When NOT to use awesome

  • LLM Frameworks: Avoid a framework for a single prompt-and-retrieve call; the abstraction can cost more than it saves.

Explore

Sources

Every stat on this page traces to a dated GitHub sync, license file, enrichment field, or trust scan.

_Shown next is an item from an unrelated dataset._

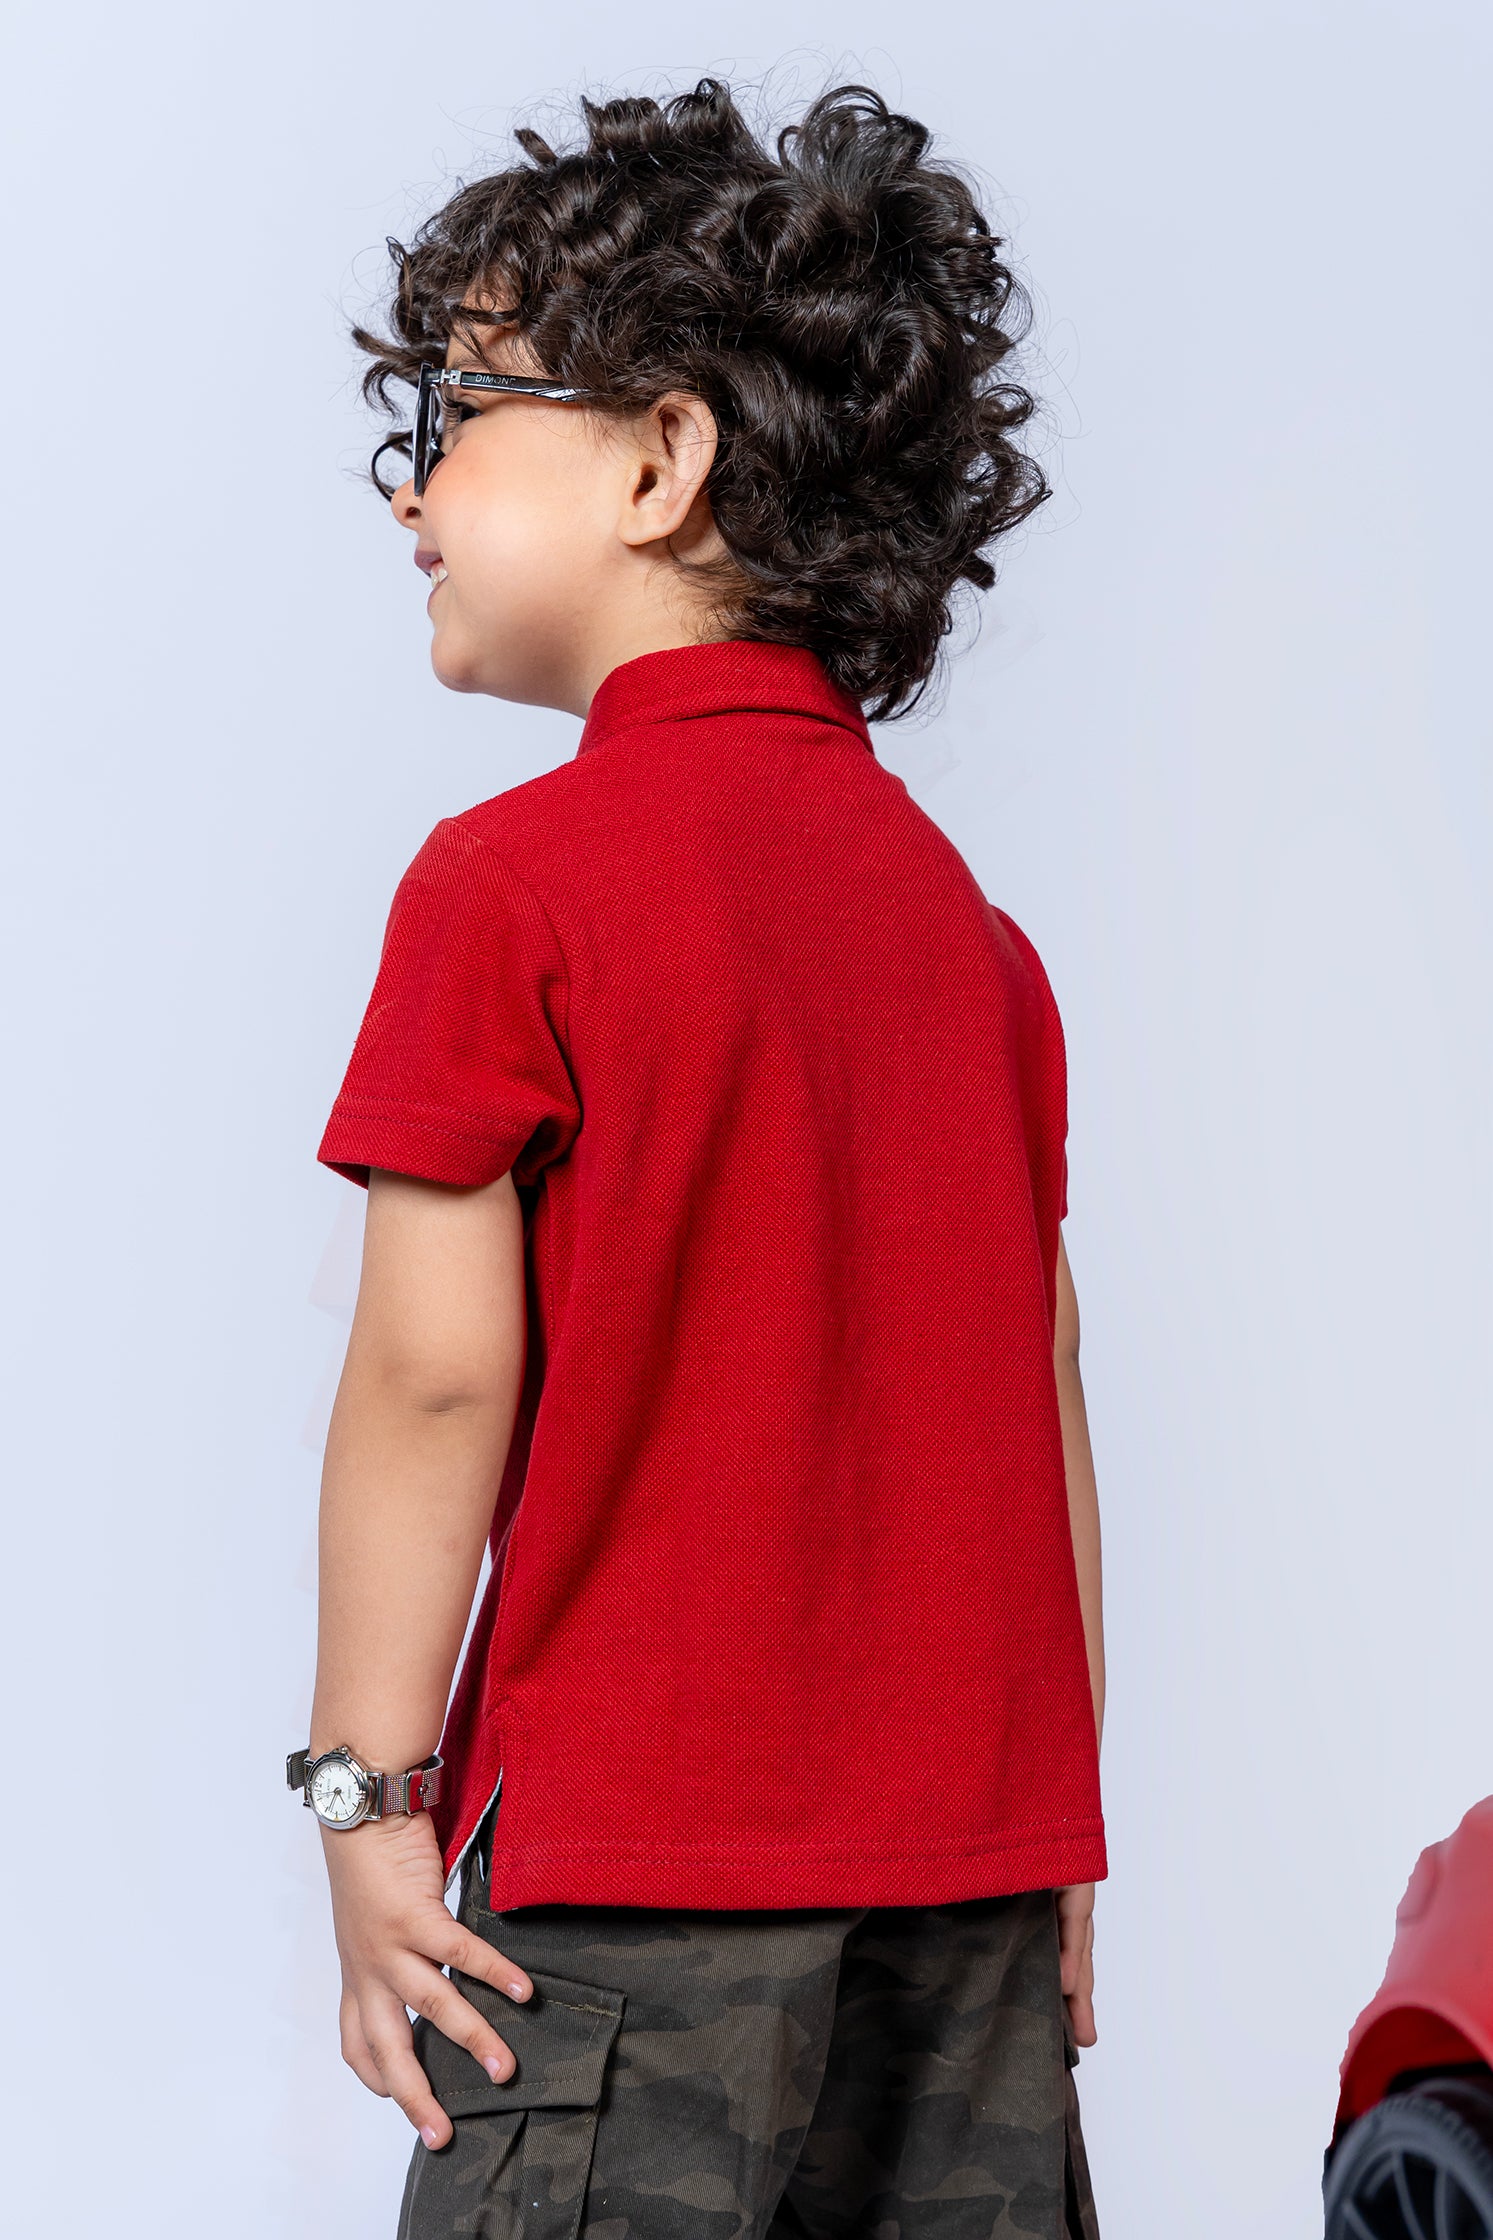 KIDS POLO MAROON FRONT EMBROIDED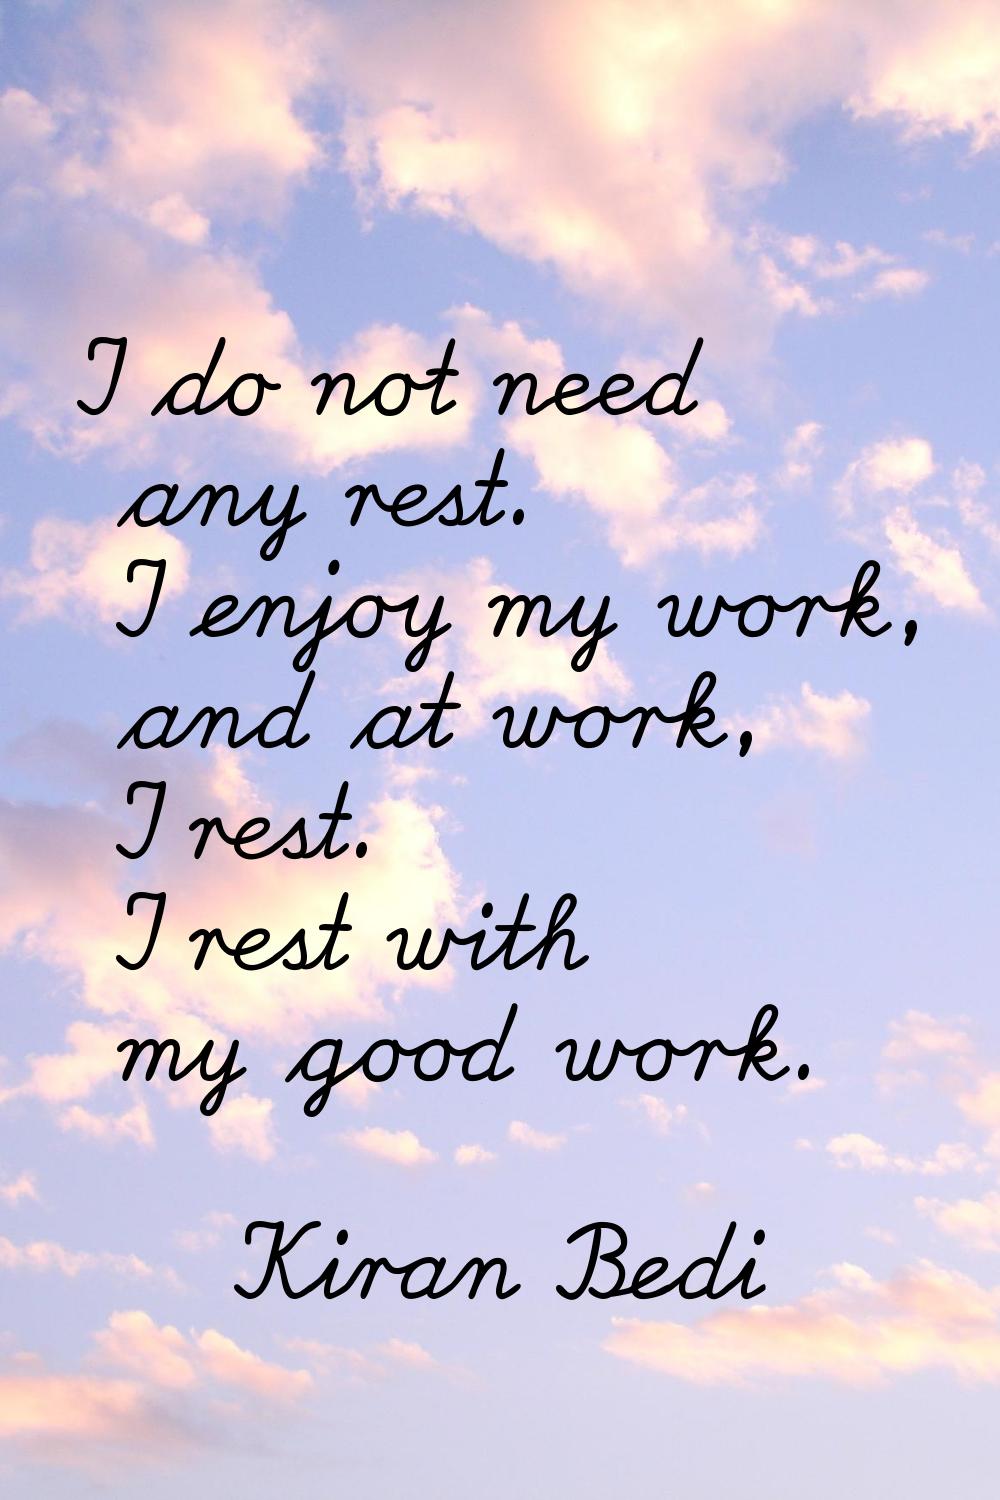 I do not need any rest. I enjoy my work, and at work, I rest. I rest with my good work.

GitHub stars on cards: llm-strategy 399 · awesome 484k (synced Jul 11, 2026).

Common questions

What is the difference between llm-strategy and awesome?
llm-strategy: Directly Connecting Python to LLMs via Strongly-Typed Functions, Dataclasses, Interfaces & Generic Types. awesome: 😎 Curated list of awesome topics including hardware resources. See the comparison table for live GitHub stats and shared categories.
When should I choose llm-strategy over awesome?
Choose llm-strategy over awesome when License: llm-strategy is MIT, awesome is CC0-1.0; Tags unique to llm-strategy: llm, python, gpt, openai; Also covers Data & Retrieval; llm-strategy ships Docker support for self-hosted deployment.
When should I choose awesome over llm-strategy?
Choose awesome over llm-strategy when License: awesome is CC0-1.0, llm-strategy is MIT; Tags unique to awesome: resources, awesome-list; More GitHub stars (484k vs 399) - visibility, not fit.
When should I avoid llm-strategy?
Last GitHub push was 495 days ago (dormant maintenance, Mar 3, 2025). Validate activity before betting a new project on llm-strategy. LLM Frameworks: Avoid a framework for a single prompt-and-retrieve call; the abstraction can cost more than it saves. Data & Retrieval: Skip a heavy ingestion framework when your corpus is small and static; a script plus the embedding API is enough.
When should I avoid awesome?
LLM Frameworks: Avoid a framework for a single prompt-and-retrieve call; the abstraction can cost more than it saves.
Is llm-strategy or awesome more popular on GitHub?
awesome has more GitHub stars (484,026 vs 399). Stars measure visibility, not whether either tool fits your constraints.
Are llm-strategy and awesome open source?
Yes - both are open-source projects on GitHub (llm-strategy: MIT, awesome: CC0-1.0).
Where can I find alternatives to llm-strategy or awesome?
GraphCanon lists graph-backed alternatives at llm-strategy alternatives and awesome alternatives (llm-strategy markdown twin, awesome markdown twin), ranked by typed relationship edges rather than popularity votes.
Is there a machine-readable version of this comparison?
Yes. The markdown twin at this comparison mirrors this page for agents and LLM crawlers, with the same stats table and FAQ answers.
Which is better maintained, llm-strategy or awesome?
llm-strategy: Dormant. awesome: Active. Compare maintenance labels, days since push, and release cadence in the trust section below - stars alone do not measure maintenance.
Where are the full trust reports for llm-strategy and awesome?
GraphCanon publishes per-repo trust reports with dated maintenance, provenance, and scan summaries: llm-strategy trust report; awesome trust report.